I'm working on building a function that I will manipulate a data frame based on a string. Within the function, I'll build a column name as from the string and use it to manipulate the data frame, something like this:
library(dplyr)
orig_df <- data_frame(
id = 1:3
, amt = c(100, 200, 300)
, anyA = c(T,F,T)
, othercol = c(F,F,T)
)
summarize_my_df_broken <- function(df, my_string) {
my_column <- quo(paste0("any", my_string))
df %>%
filter(!!my_column) %>%
group_by(othercol) %>%
summarize(
n = n()
, total = sum(amt)
) %>%
# I need the original string as new column which is why I can't
# pass in just the column name
mutate(stringid = my_string)
}
summarize_my_df_works <- function(df, my_string) {
my_column <- quo(paste0("any", my_string))
df %>%
group_by(!!my_column, othercol) %>%
summarize(
n = n()
, total = sum(amt)
) %>%
mutate(stringid = my_string)
}
# throws an error:
# Argument 2 filter condition does not evaluate to a logical vector
summarize_my_df_broken(orig_df, "A")
# works just fine
summarize_my_df_works(orig_df, "A")
I understand what the problem is: unquoting the quosure as an argument to filter()

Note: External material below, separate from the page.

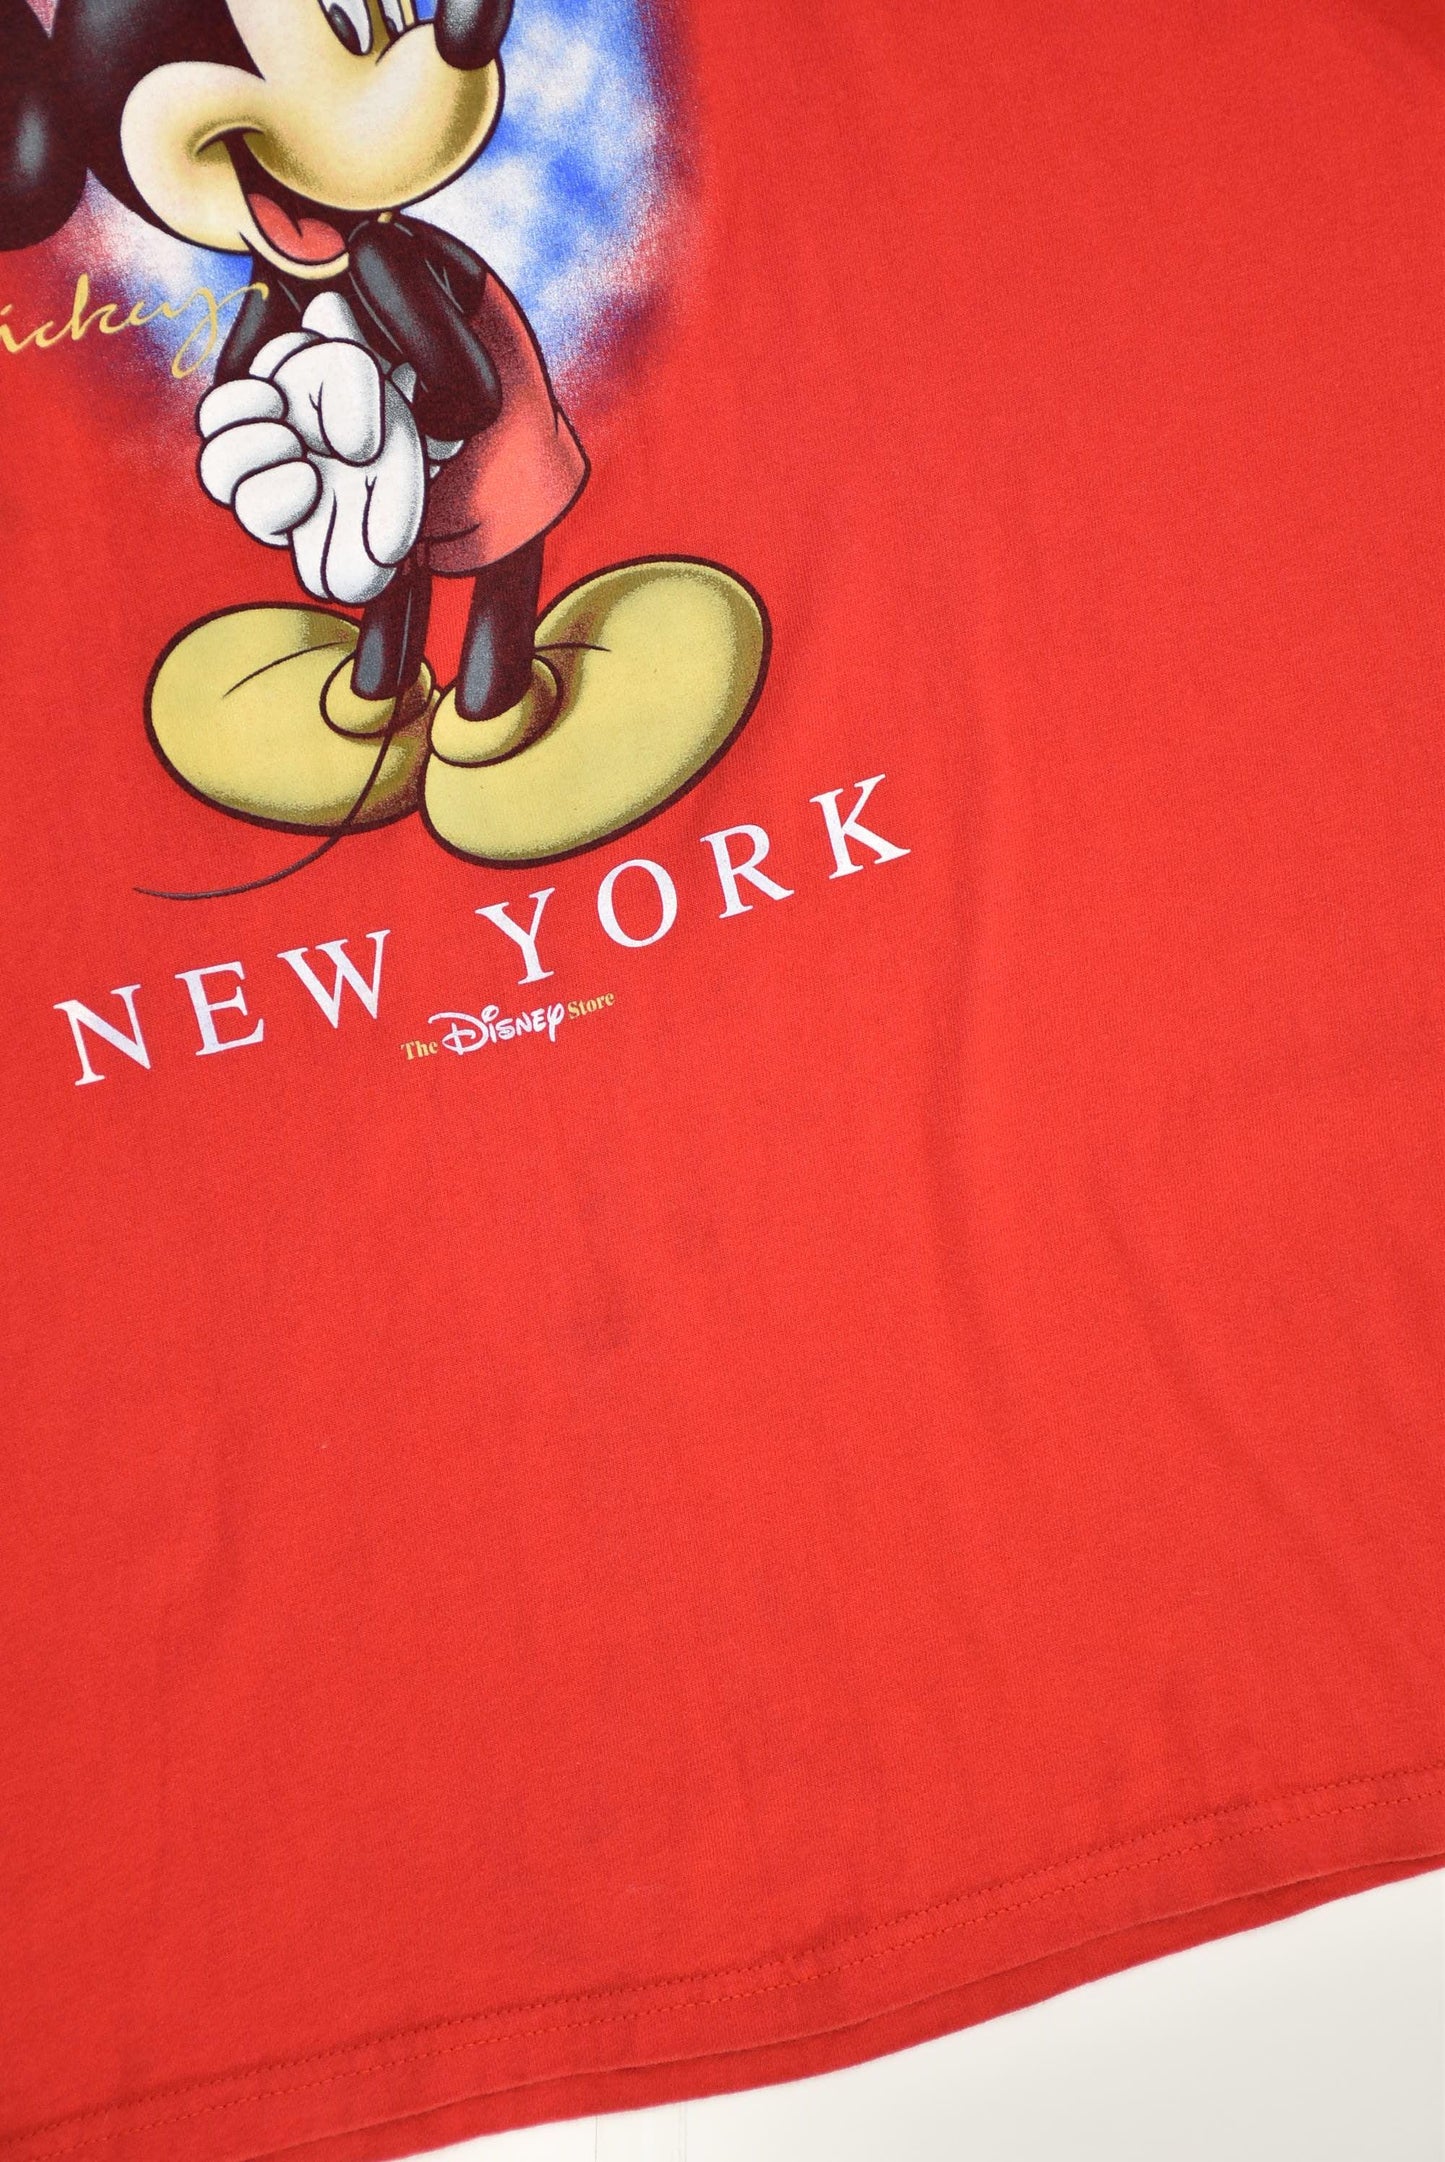 90s Disney New York T-shirt (XL) - Slayyy Vintage

in the broken version is not referencing the actual column anyA.
What I don't understand is why it works in summarize()
, but not in filter()
--why is there a difference?
Right now you are are making quosures of strings, not symbol names. That's not how those are supposed to be used. There's a big difference between quo("hello")
and quo(hello)
. If you want to make a proper symbol name from a string, you need to use rlang::sym
. So a quick fix would be
summarize_my_df_broken <- function(df, my_string) {
my_column <- rlang::sym(paste0("any", my_string))
...
}
If you look more closely I think you'll see the group_by/summarize
isn't actually working the way you expect either (though you just don't get the same error message). These two do not produce the same results
summarize_my_df_works(orig_df, "A")
# `paste0("any", my_string)` othercol n total
# <chr> <lgl> <int> <dbl>
# 1 anyA FALSE 2 300
# 2 anyA TRUE 1 300
orig_df %>%
group_by(anyA, othercol) %>%
summarize(
n = n()
, total = sum(amt)
) %>%
mutate(stringid = "A")
# anyA othercol n total stringid
# <lgl> <lgl> <int> <dbl> <chr>
# 1 FALSE FALSE 1 200 A
# 2 TRUE FALSE 1 100 A
# 3 TRUE TRUE 1 300 A
Again the problem is using a string instead of a symbol.